Des recommandations sectorielles à creuser bien sûr
- Dans les services personnels : rendez-vous en visioconférence si possible, supports marketing compatibles développement durable, produits d’entretien écologiques et biodégradables…
- Dans l’industrie : faire très attention au tri et au recyclage des déchets industriels, optimiser la consommation ou la revalorisation des matières premières (chutes, pertes, gaspillages…), installer des détecteurs de présence dans les ateliers ou usines pour optimiser l’éclairage ou le chauffage, et bien sûr explorer la possibilité d’alimenter son activité avec des énergies renouvelables, s’intéresser à l’économie circulaire car vos déchets ou extrants sont peut-être l’or ou les intrants d’un voisin
- Dans l’enseignement : le sujet est un peu plus complexe car j’ai souvent entendu des recommandations comme « créer des supports numériques » mais en réalité, si cela oblige chaque apprenant à acheter une tablette ou un PC ce n’est pas forcément la meilleure idée (donc à voir au cas par cas), en revanche recréer de la convivialité dans l’enseignement en proposant aux classes ou groupes de gagner en autonomie (co-créer le cours, passer en mode projet, évaluation entre pairs, classe inversée), ça n’a pas grand chose à voir avec l’écologie (quoique) mais c’est cool et un autoentrepreneur a parfois plus de liberté pour innover qu’un salarié en centre de formation ou qu’un professeur dépendant de l’éducation nationale alors profitons-en !

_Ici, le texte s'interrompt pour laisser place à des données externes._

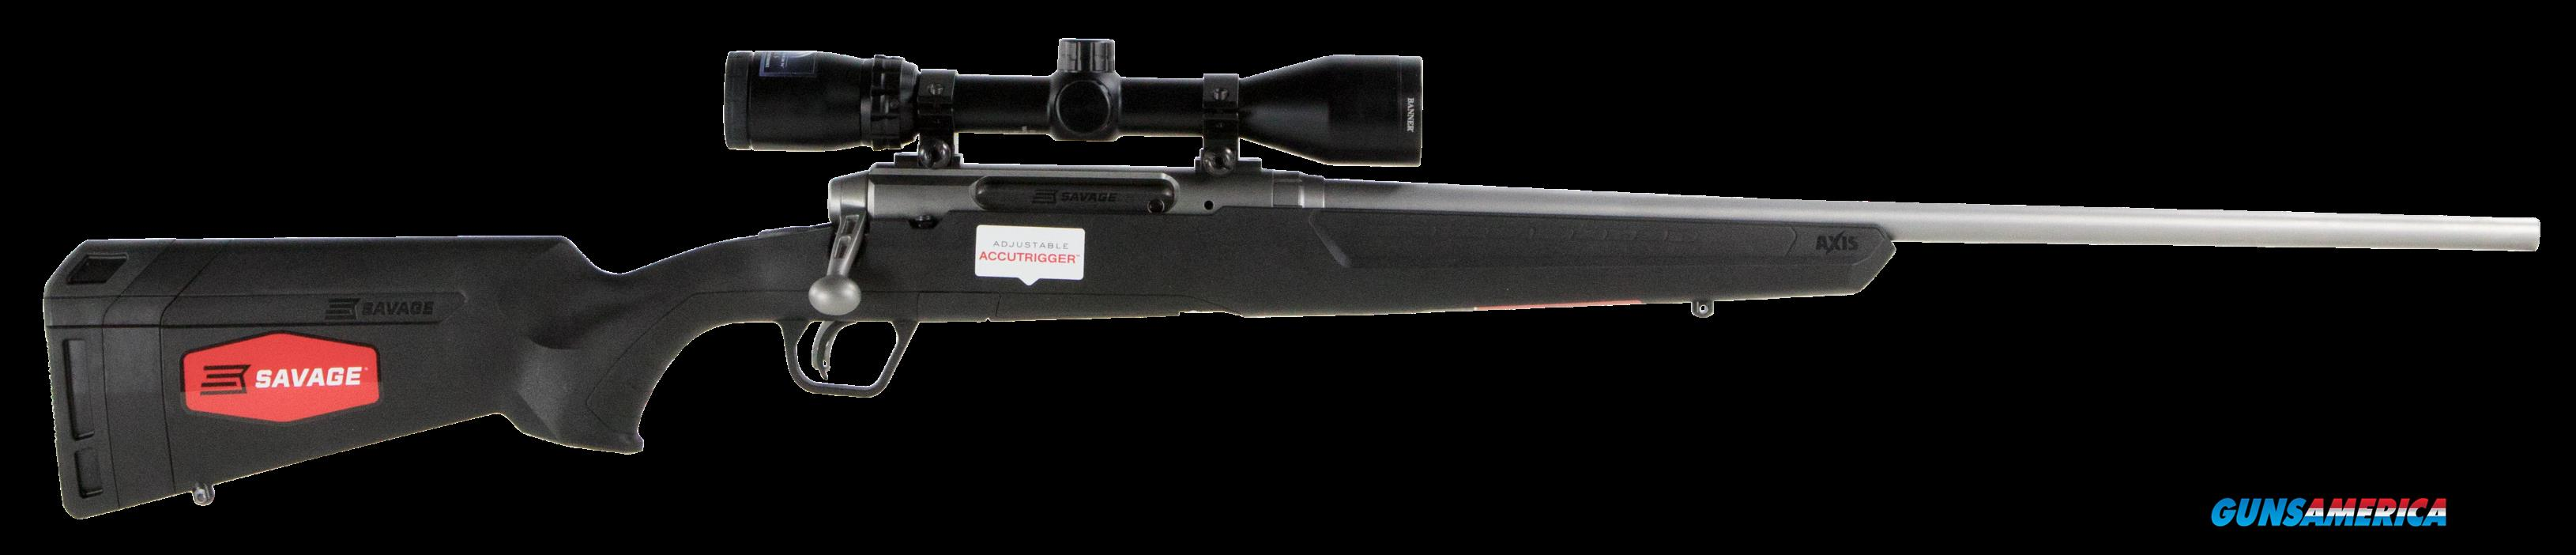 Savage Axis Ii, Sav 57101 Axis Ii Xp Ss  223 Rem          Bushnell  Guns > Pistols > 1911 Pistol Copies (non-Colt)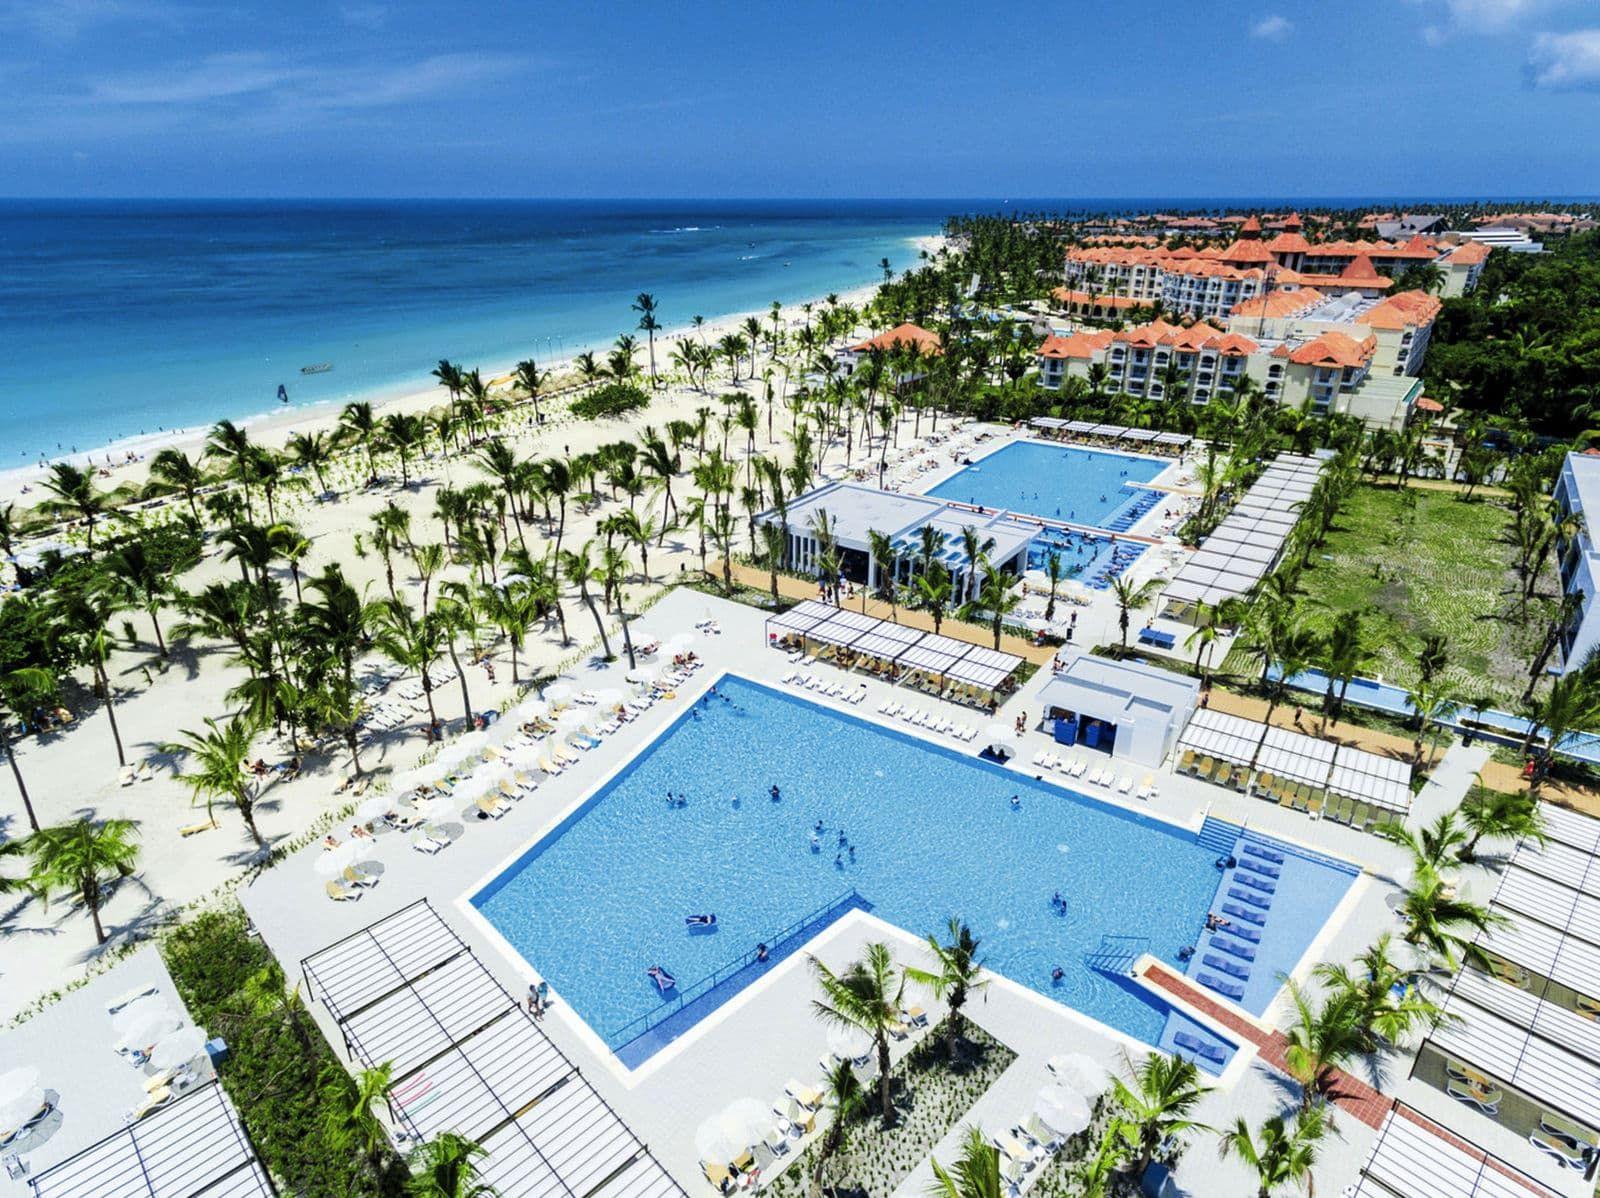 Riu Republica-günstig in den Urlaub

- Dans la santé, la coiffure et les soins du corps, les activités de nettoyage : dématérialiser les factures, utiliser des produits d’hygiène / désinfection / cosmétiques éco-labellisés, installer des économiseurs d’eau, donner les cheveux coupés aux associations spécialisées, etc.
- Dans le BTP travaux de finition : privilégier les matériaux écologiques et les peintures à faible teneur en COV, optimiser les déplacements/transports/approvisionnements en ayant une bonne gestion du calendrier des chantiers (voire, dans la campagne vendéenne, j’ai vu récemment des attelages de chevaux/ânes être utilisés pour retirer les troncs d’arbre coupés sur un chantier), mettre en place une gestion ambitieuse du tri et de la valorisation des déchets de chantier (comme pour l’industrie)
- Dans les arts et spectacles : il y a beaucoup de belles économies à réaliser car ce domaine intègre de nombreux vecteurs (l’événement en lui-même, sa préparation, le matériel, le public…), par exemple utiliser des décors et costumes réutilisables ou upcyclés, préférer des éclairages LED, encourager le public à utiliser le bus ou le métro pour s’y rendre, bannir les bouteilles plastique bien sûr, etc.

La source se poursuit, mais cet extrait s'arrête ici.